Monday, September 16, 2013

MARCHING INTO UNCERTAIN FUTURE REQUIRES LEADERSHIP

 

By DOUGLAS MACGREGOR SPECIAL TO THE U-T 12:01 a.m. Sept. 15, 2013
 
President Barack Obama’s plea to bomb Syria fell on deaf ears. In 1975, it was “No more Vietnams.” Today, it’s “No more Iraqs.”
The American public attitude is reinforced by the absence of an existential military threat to the United States and the demand for jobs and economic growth instead of military spending. Moreover, for the first time in decades, the public pressure on American political and military leaders to formulate strategic aims worth fighting and dying for before American blood and treasure are sacrificed is enormous and growing.
Regrettably, the growing demand for a new and less belligerent foreign policy has not been matched by coherent strategic guidance from the president and the secretary of defense to the military. As a result, the U.S. armed forces are adrift, floating on a sea of strategic uncertainty.
In the absence of a viable national military strategy and vision from above, the service chiefs are left to figure things out on their own. Most of the time, they are focused on retaining dwindling World War II/Cold War “capabilities” — Marine amphibious forces, Army airborne forces, and increasingly vulnerable surface combatants like the littoral combat ship along with dubious forward presence missions that change nothing of importance ashore.
Cultivating long-term, integrative warfighting structures with vital capabilities the nation will need for the future, let alone the human capital to support them, is a very distant fourth or fifth in priority.
Sadly, Chuck Hagel, the secretary of defense, has failed to provide the leadership the armed forces need to ensure Americans master the future, not relive the past. Instead, Hagel has been cast by the four-stars in the Pentagon in the role of the man on the register at the end of the checkout line in the supermarket; he takes 5 percent off whatever comes down the conveyor belt.
Savvy investors hedge their positions against unpredictable market movement, but there is no evidence to date that Hagel is searching for a range of possible hedges to mitigate the obvious decline in American economic and military power. Making the individual services smaller isn’t change. It’s disastrous, but nobody inside the Washington, D.C., beltway including Hagel seems capable of making the hard choices when the pain occurs on their watch.
Hagel, of course, is not unique. Washington’s top executives (military, government or civilian) reach the top because they were repeatedly chosen by others who put loyalty to the system and conformity to the status quo above competence, imagination and creativity.
The National Defense Panel exemplifies the problem. They, too, are a group of “safe hands,” people chosen for their readiness to preserve, not to change the status quo.

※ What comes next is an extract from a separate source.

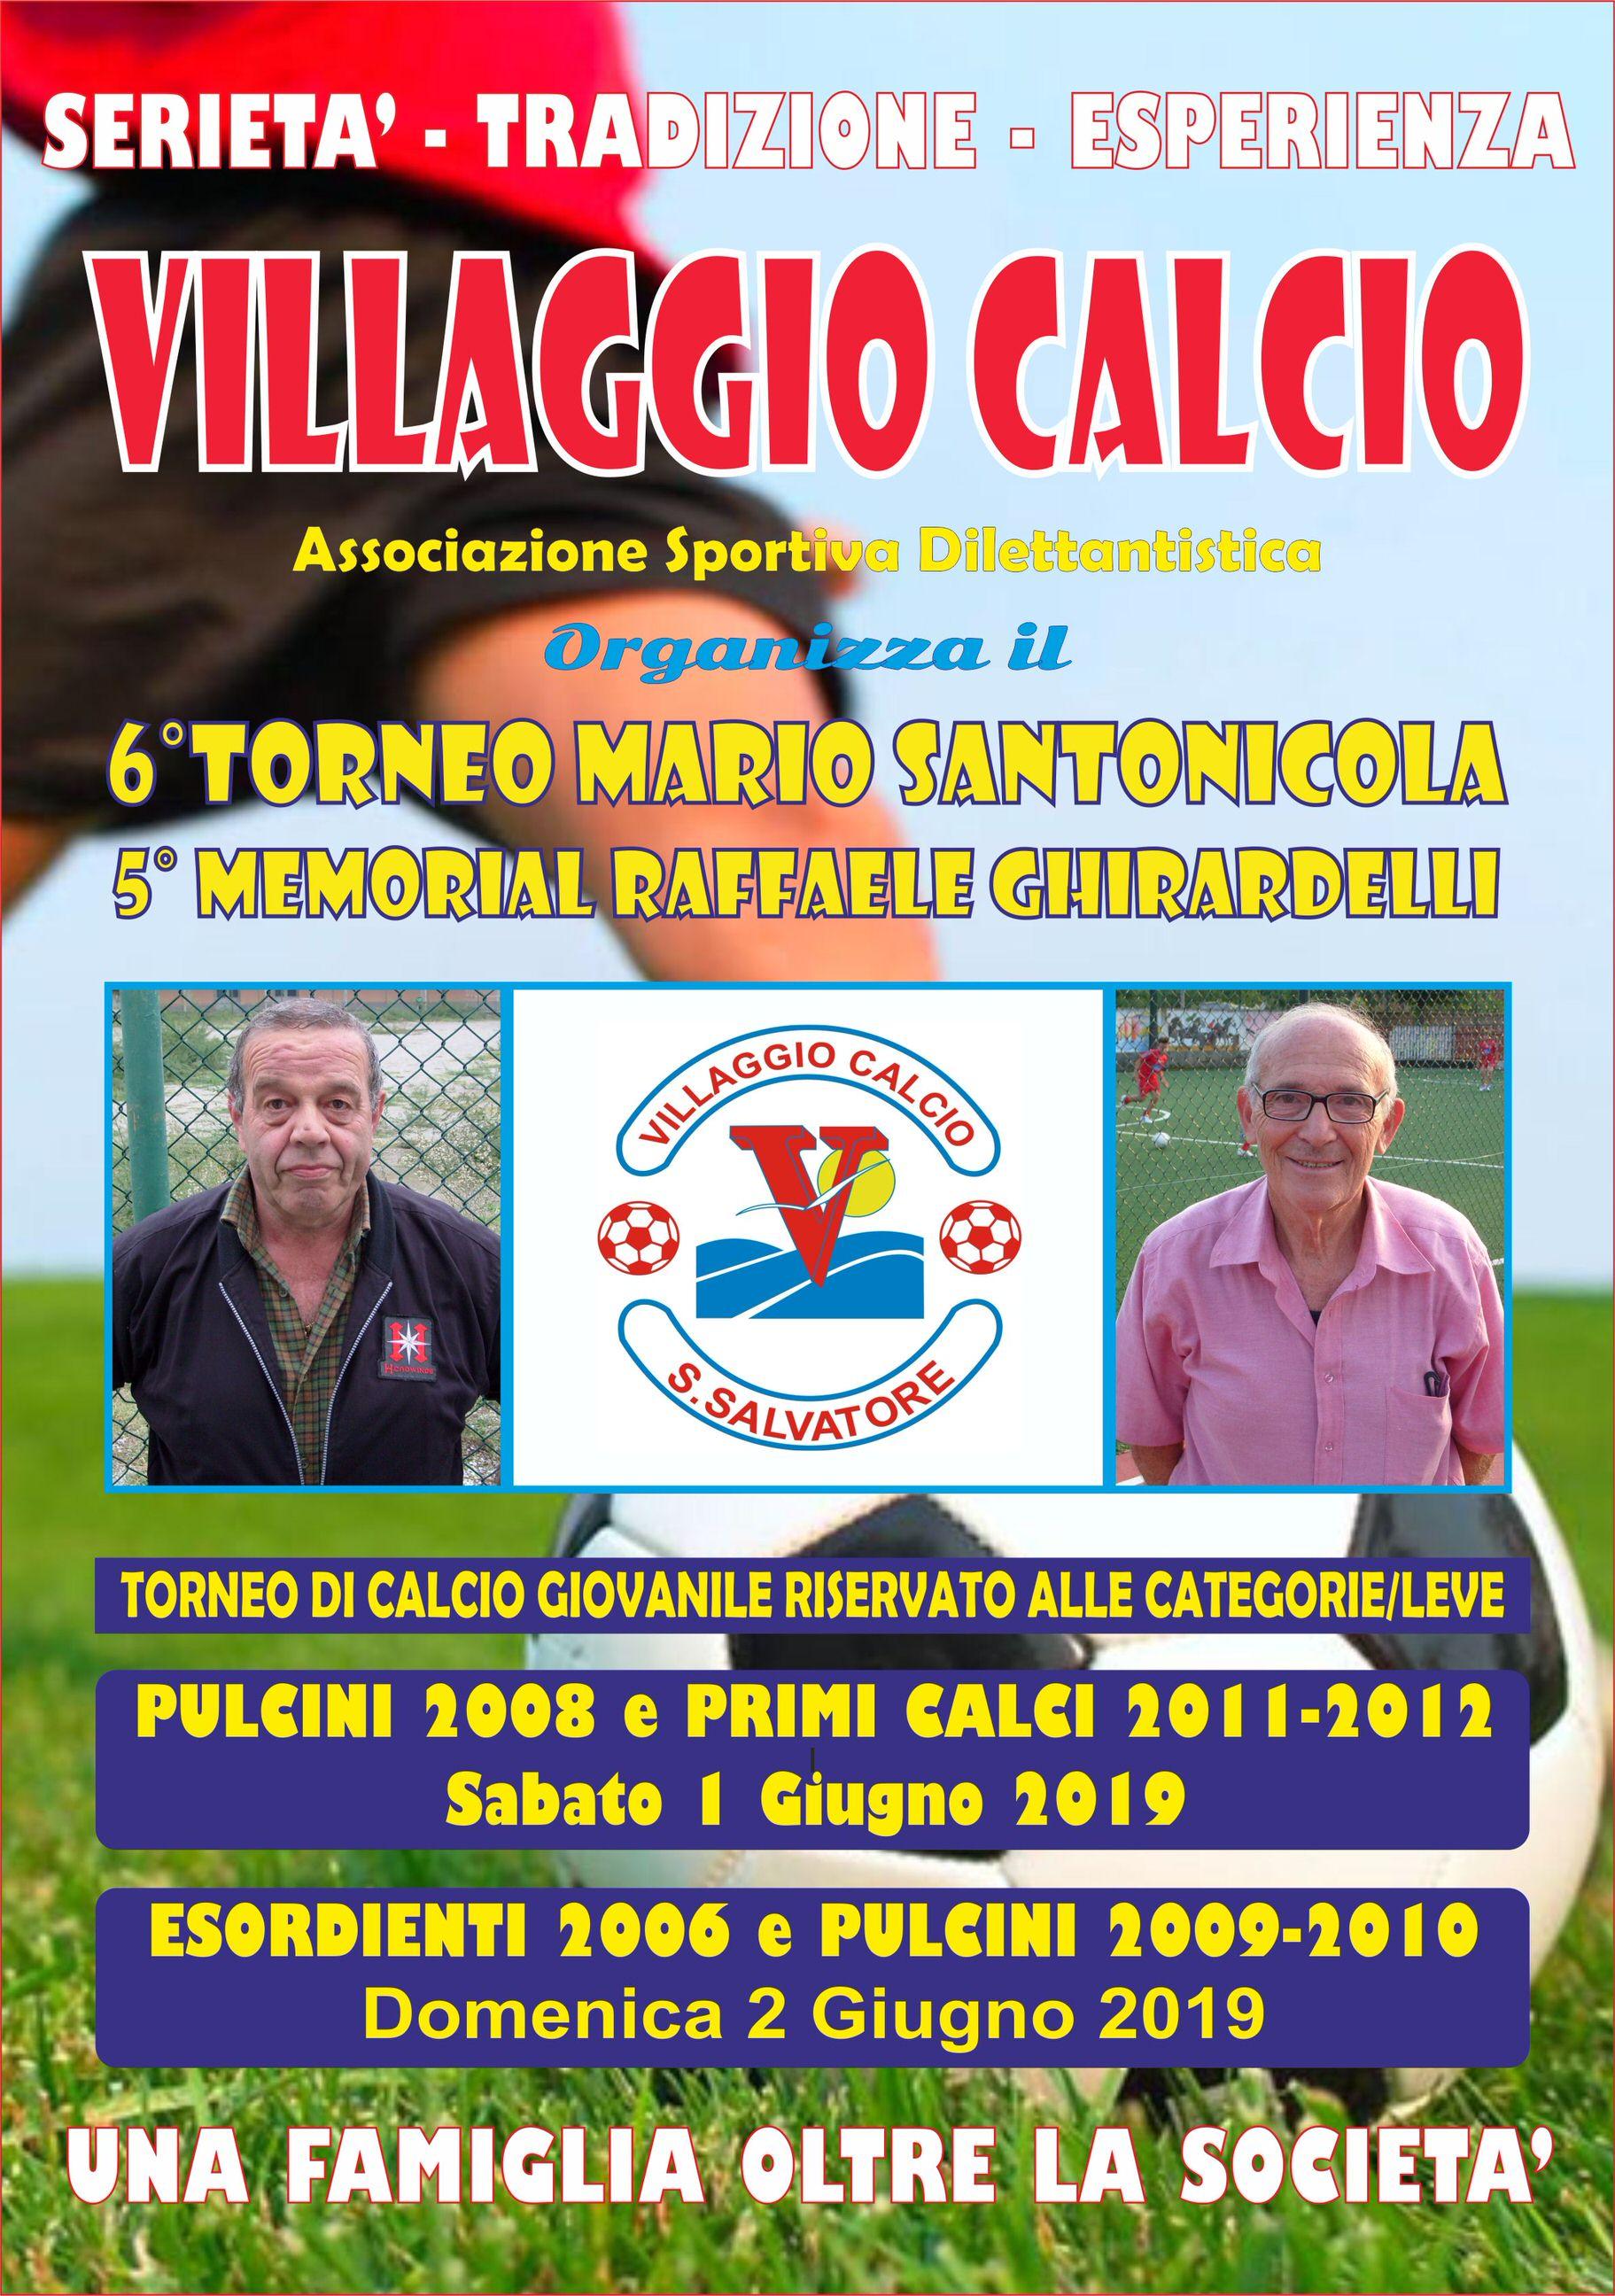 Villaggio Calcio: 6° Torneo Mario Santonicola – 5° Memorial Raffaele Ghirardelli sabato 1 e domenica 2 giugno 2019

So the defense mess is not entirely Hagel’s fault. Inside a society where Americans are brainwashed into believing that everyone, everywhere is the same, that in Stanley Kubrick’s words from “Full Metal Jacket,” “Inside every Vietnamese is an American waiting to get out,” facts seldom matter. Perhaps, this is why the American public only recently turned against the military interventions in Iraq and Afghanistan, constraining Washington’s self-absorbed interventionists — Obama, McCain, Graham, Kerry and a host of others — from dragging us into Syria
With the exception of those Americans whose jobs inside the defense industry are at stake, very few politicians of either party are interested in what kinds of military forces emerge from the defense cuts or who mans the forces American taxes support. And why should they care?
Demi Moore has conclusively proven that women can do everything men can do, and gender is, in Marxist terms, simply an “artificial construct.” Drones obviate the need for the lethality that springs from disciplined, physically and psychologically hardened men inside highly trained combat units that kill effectively. For the moment, Hollywood has won the argument and anyone who dares to disagree on the basis of documented combat experience is dismissed out of hand as a misogynous dinosaur. Emotion trumps reason at every turn.

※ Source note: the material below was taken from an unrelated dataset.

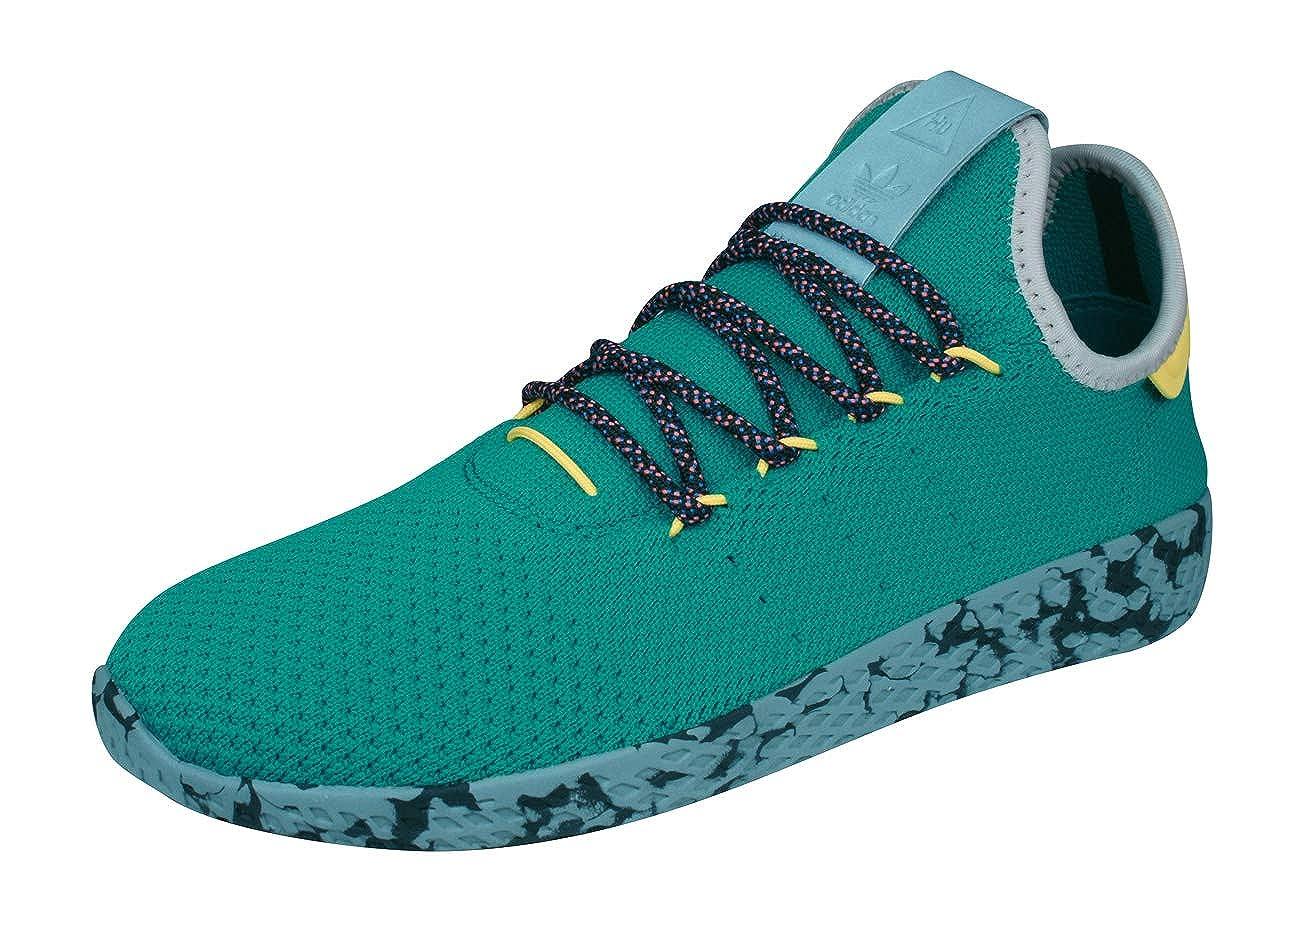 Adidas Originals Herren Pharrell Williams Tennis HU Turnschuhe Schuhe -Teal

Tragically, the only antidote to Washington’s shameless self-interest, self-deluding behavior and unbridled emotion is future war against a capable enemy with the ability to destroy us, something we have not seen since Korea in 1953, a war Americans in or out of uniform did not want or expect to fight. Whether we survive it is an open question. Until then, in Saul Bellow’s words, “A great deal of intelligence can be invested in ignorance when the need for illusion is deep.”
U.S. Army Col. (Ret.) Douglas Macgregor is a decorated combat veteran, Ph.D., author and executive vice president of Burke-Macgregor Group in Reston, Va.